> [Data segment]:
%%

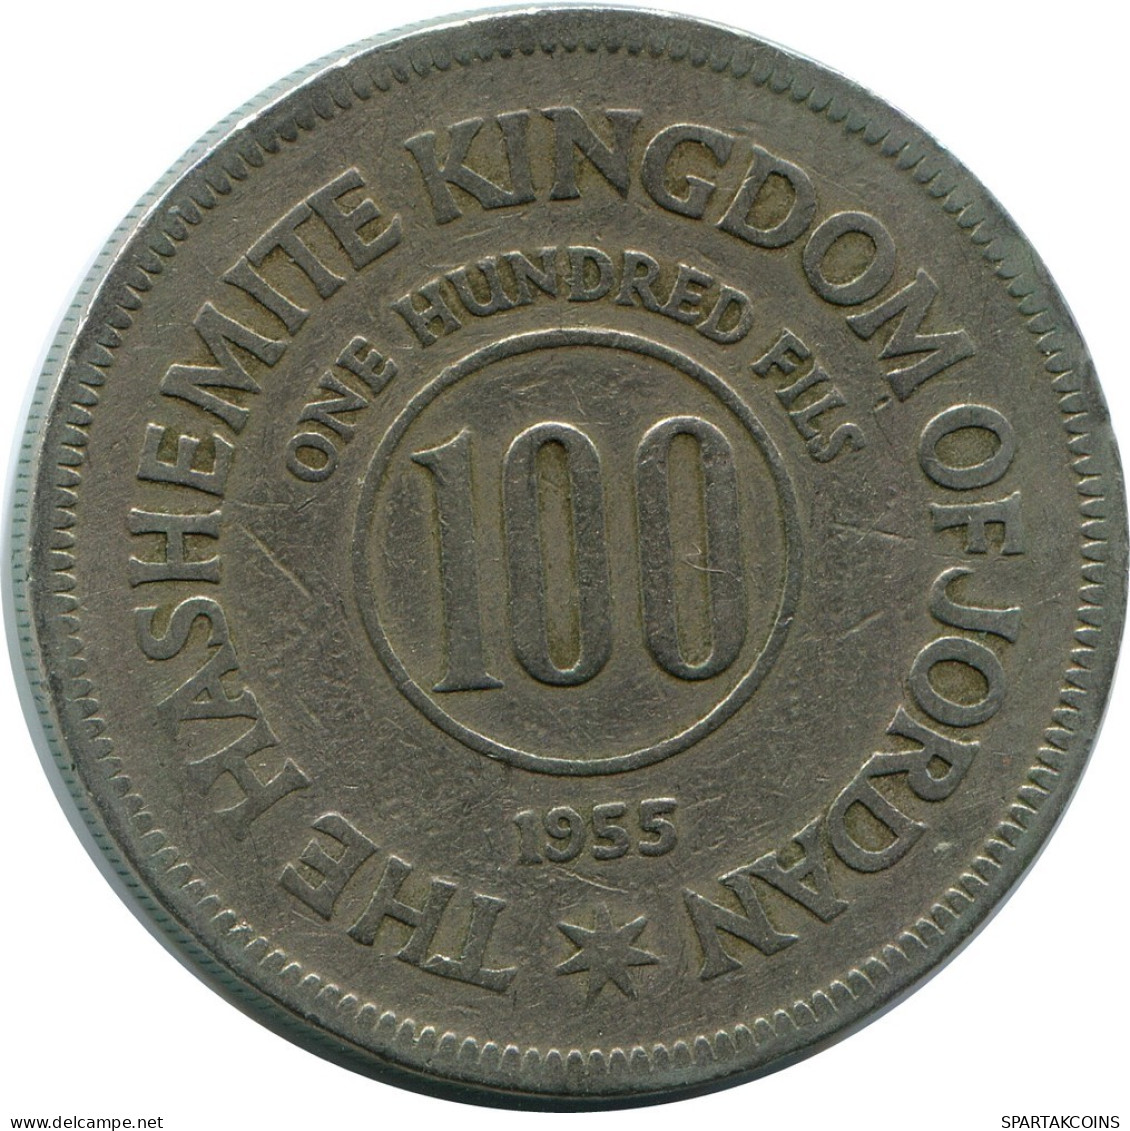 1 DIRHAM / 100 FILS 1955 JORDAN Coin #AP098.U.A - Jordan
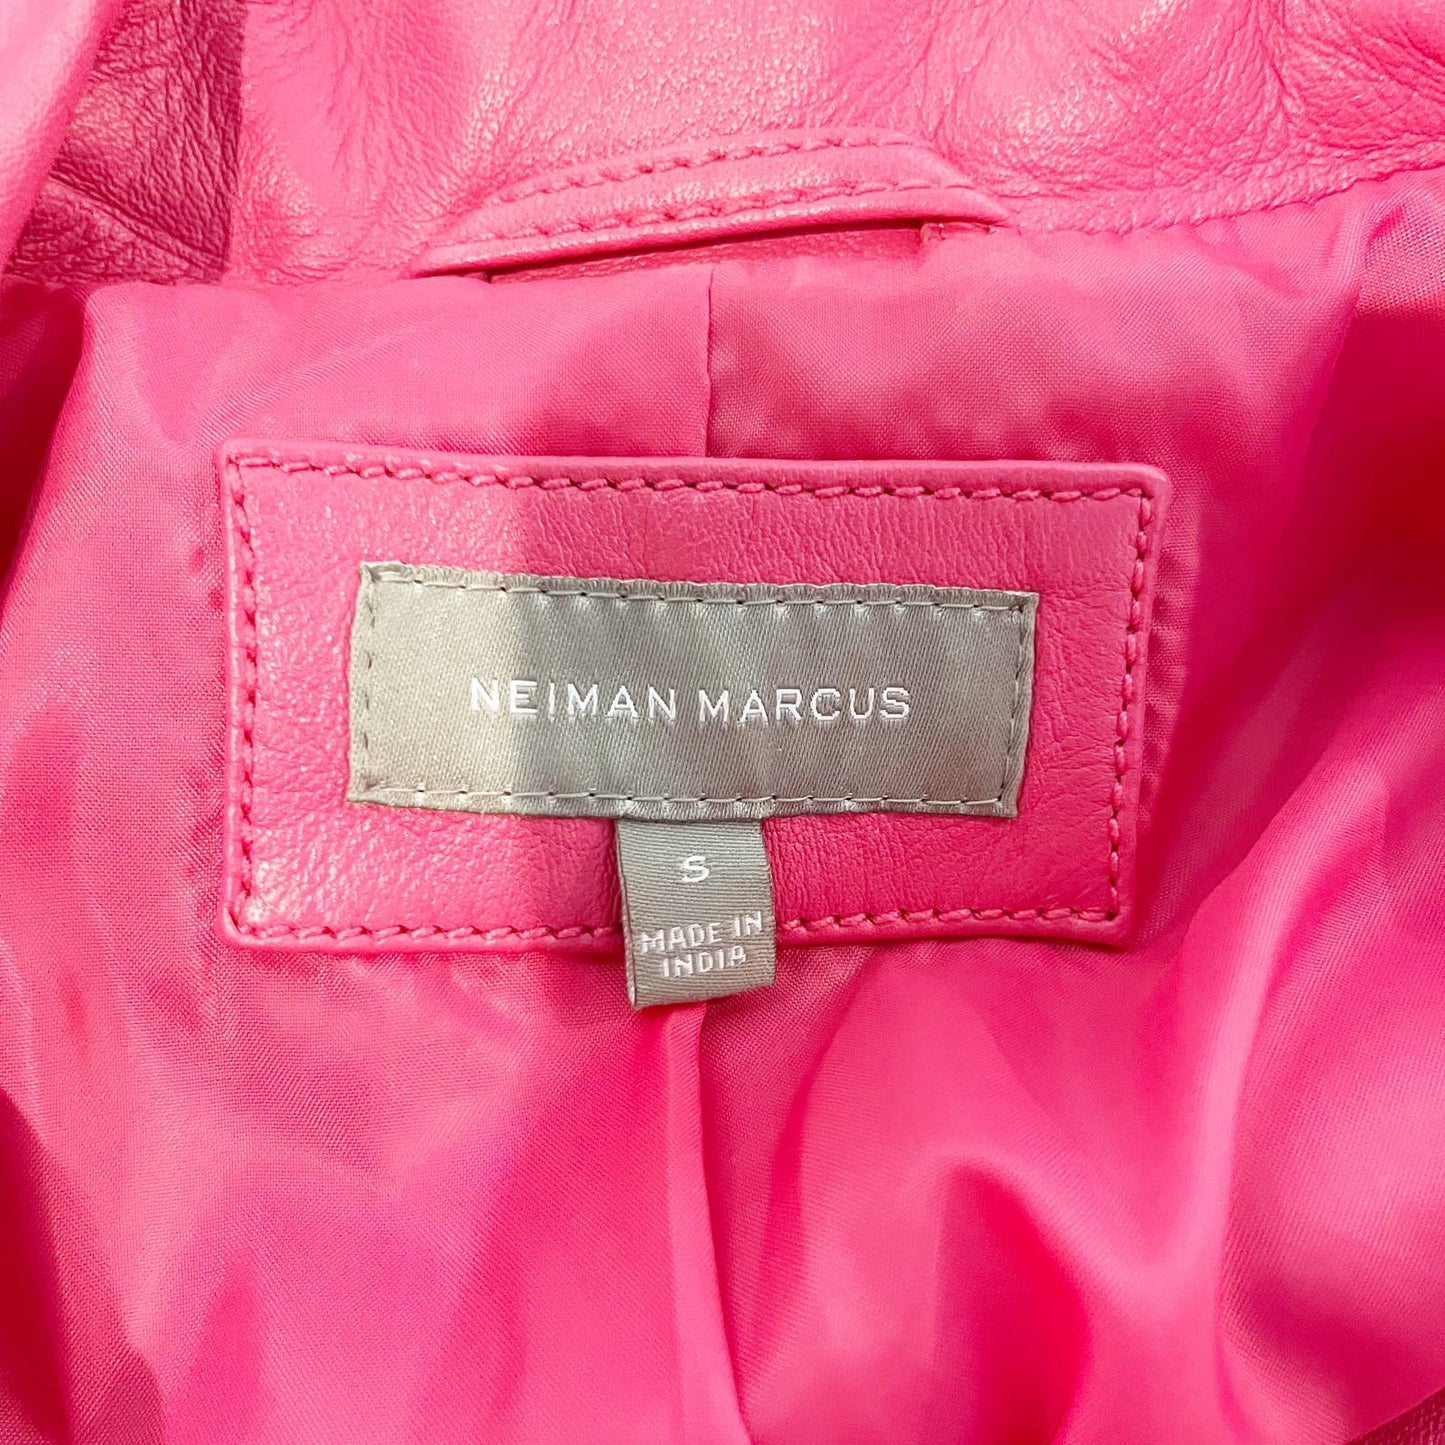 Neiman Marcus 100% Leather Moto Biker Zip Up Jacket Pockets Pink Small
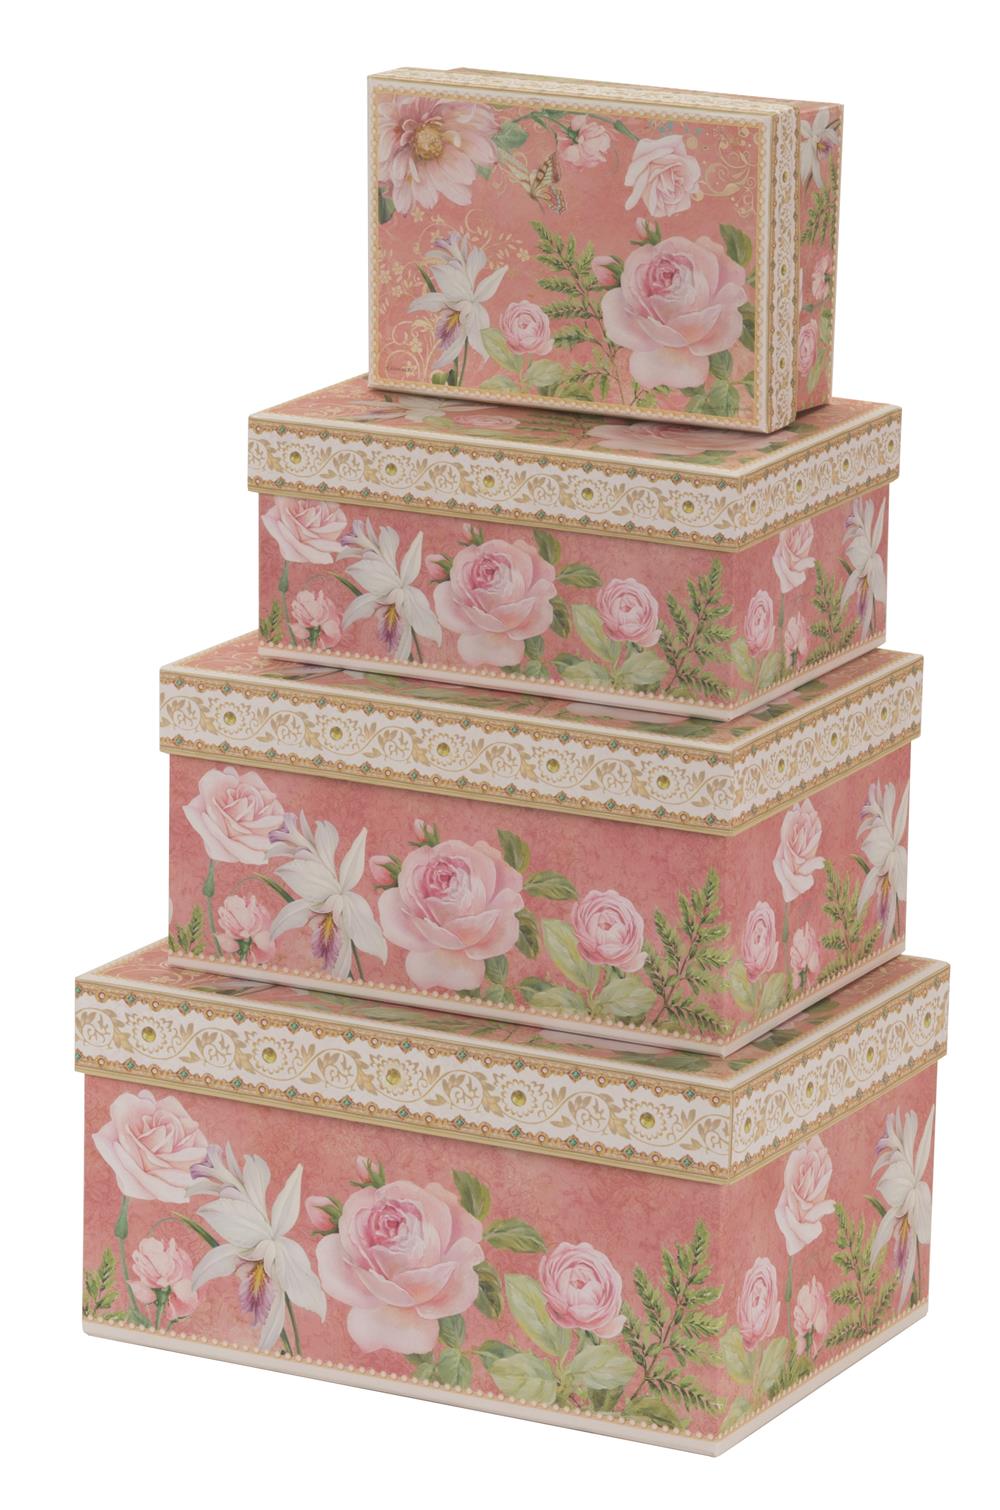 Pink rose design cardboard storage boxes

%%

> [Required action]: Except for the pictures, copy the material above exactly.

> [Answer for the task]:
 1 DIRHAM / 100 FILS 1955 JORDAN Coin #AP098.U.A - Jordan
 Neiman Marcus 100% Leather Moto Biker Zip Up Jacket Pockets Pink Small
 Pink rose design cardboard storage boxes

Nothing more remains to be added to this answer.